Unless it's specifically designed for direct burial, the PVC insulation typically used for low-voltage applications is surprisingly porous, due to pinholes and microfractures that are the result of the manufacturing process. This lets water in, which is bad for communications cabling. That's why telephone cables are pressurized with dry air. Using a rigid PVC conduit will keep the water out.

carnivorousplant
11-21-2005, 10:04 PM
Despite mine being in the ground three years, I's stick in in PVC if the run isn't prohibitively long.

Seven
11-21-2005, 10:06 PM
If the cable has a PVC sheath around it to begin with, why bother with the conduit?

It sure would make it easy to run a new line in the future.

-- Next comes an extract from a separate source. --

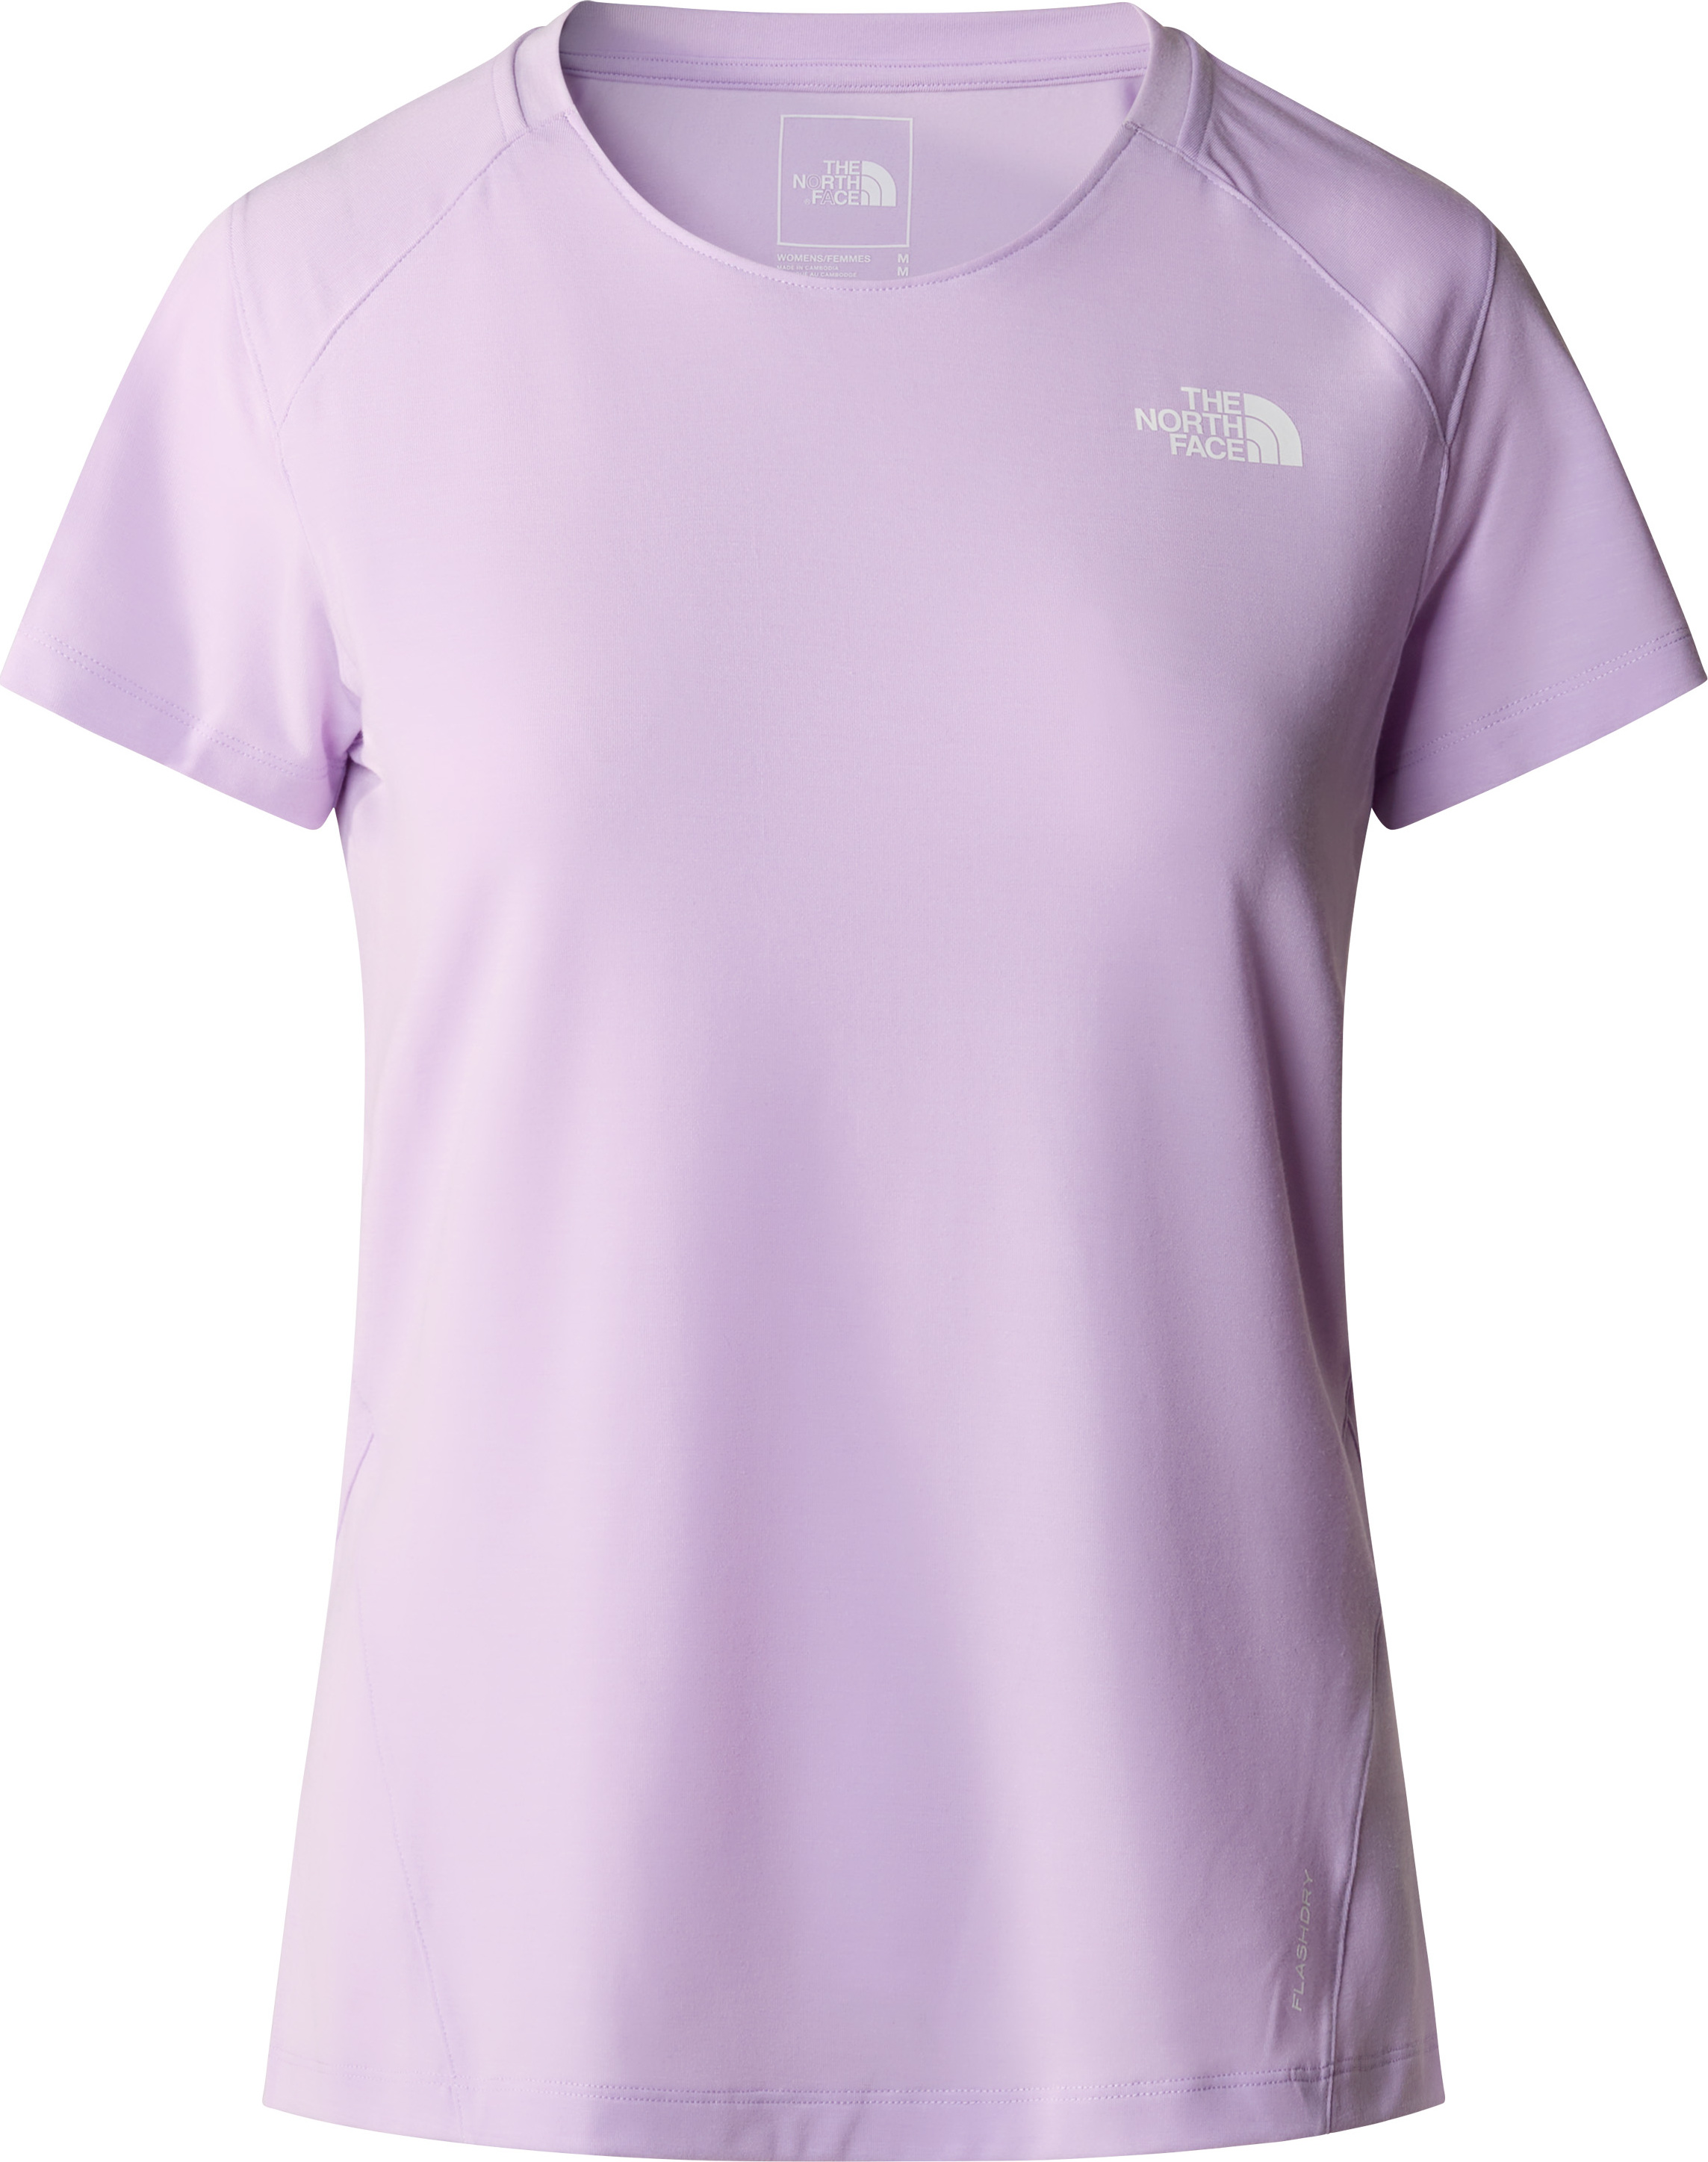 The North Face The North Face W Lightning Alpine S/S Tee Lite Lilac L, Lite Lilac

If I was already planning on digging the run, I'd drop in a cheap conduit and a pull string line for future needs.

Shagnasty
11-21-2005, 10:07 PM
120 feet isn't that long. You can boost a wireless signal a whole lot cheaper and easier than that. Special antennas made for that purpose cost about $50 or less. There are other ways that you can boost a signal basically as far as you want.

CynicalGabe
11-21-2005, 10:27 PM
Unless it's specifically designed for direct burial, the PVC insulation typically used for low-voltage applications is surprisingly porous, due to pinholes and microfractures that are the result of the manufacturing process. This lets water in, which is bad for communications cabling. That's why telephone cables are pressurized with dry air. Using a rigid PVC conduit will keep the water out.

Ditto.

120 feet isn't that long. You can boost a wireless signal a whole lot cheaper and easier than that. Special antennas made for that purpose cost about $50 or less. There are other ways that you can boost a signal basically as far as you want.
Psh. Men dig trenches.

douglips
11-21-2005, 10:33 PM
You can get Cat5 for about $7/100 feet. That's cheap enough I'd probably just bury it without a conduit. But I'm a cheap bastard.

yoyodyne
11-21-2005, 11:13 PM
I'd try some better (http://www.linksys.com/servlet/Satellite?childpagename=US%2FLayout&packedargs=c%3DL_Product_C2%26cid%3D1124916849913&pagename=Linksys%2FCommon%2FVisitorWrapper) wireless (http://www.linksys.com/servlet/Satellite?childpagename=US%2FLayout&packedargs=c%3DL_Product_C2%26cid%3D1122062238277&pagename=Linksys%2FCommon%2FVisitorWrapper) equipment first. You may experience ground loop and lightning problems running copper between buildings, fiber optic cable is the safer way to go.

Nanoda
11-22-2005, 02:17 AM
yoyodyne's links look nifty, but try slapping one of these (http://www.freeantennas.com/projects/template2/index.html) on your router first. (from this site (http://www.freeantennas.com/)).

I'd try paper + tinfoil before breaking out the shovel (or your wallet).

kanicbird
11-22-2005, 06:51 AM
They also sell directional wireless antennia, some IIRC can go miles.